To properly initialize the configuration required for utilizing the tokenization feature, users are advised to execute the provided SQL script, "create-token-table.sql", accessible via the DataSource GUI button. The masking and data tokenization feature works fully in proxy mode (In the SQLServer this feature supports only numeric and string values - excluding uniqueidentifier type). In JDBC mode (e.g. oracle) will only work for String values.

Before using the tokenization feature, please contact Heimdall support, to adjust the setup with specific requirements, helping to avoid potential slowdowns in performance.

When configuring masking and tokenization for a same column, only the masking will be performed.

Additional examples of using response rules

Create two rules, one for the "honey token" alert and one for delete row that will delete that honey token, so that the final user only sees the alert but not the "honey token" data. The number of rows and their size would be computed after that operation, so from the perspective of the user (who doesn't have access to the HeimdallData Centrall Management console ) they wouldn't know that any "honey token" was queried.

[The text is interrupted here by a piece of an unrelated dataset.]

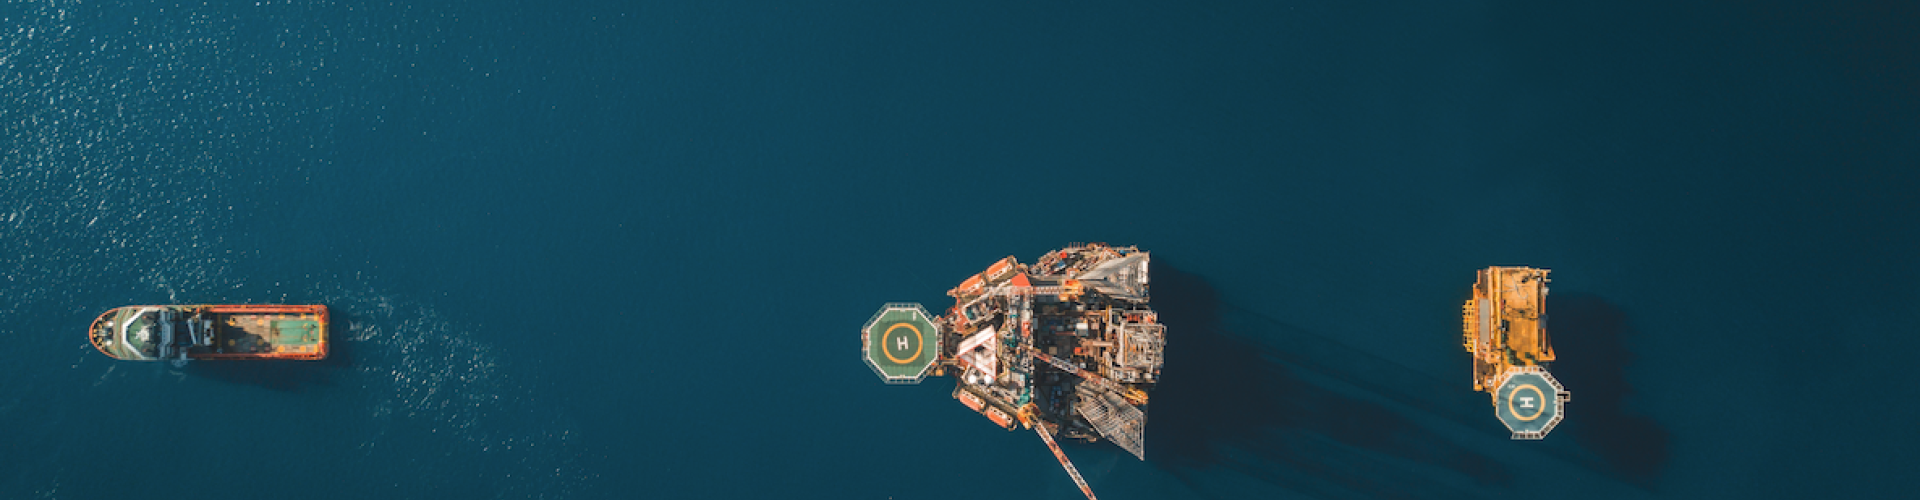 Aerial view of an oil rig

When working with application like DBeaver, we need to load a lot of data at startup, including all the tables, even if we need only a few of them. We can use Delete Row rule, to edit the metadata results from information schema so that all unnecessary tables/partitions are removed from the metadata, greatly reducing amount of data load to DBeaver, and improving boot time for users.

For example, you can create a response rule configuration, where the first rule has the 'Delete Row' action using 'Column Name Regex' as 'tables:pg_database' & 'columns:datname' and using 'Column Row Regex' as 'notMatch:${catalog}' to delete all rows except those containing the database you are connecting, so on initial connection all databases except ${catalog} will be hidden. The second rule has the 'Mask Row' action using 'Column Name Regex' as 'tables:gp_settings,gp_stat_activity' and replace with * each character of data, so all data in both tables will be masked.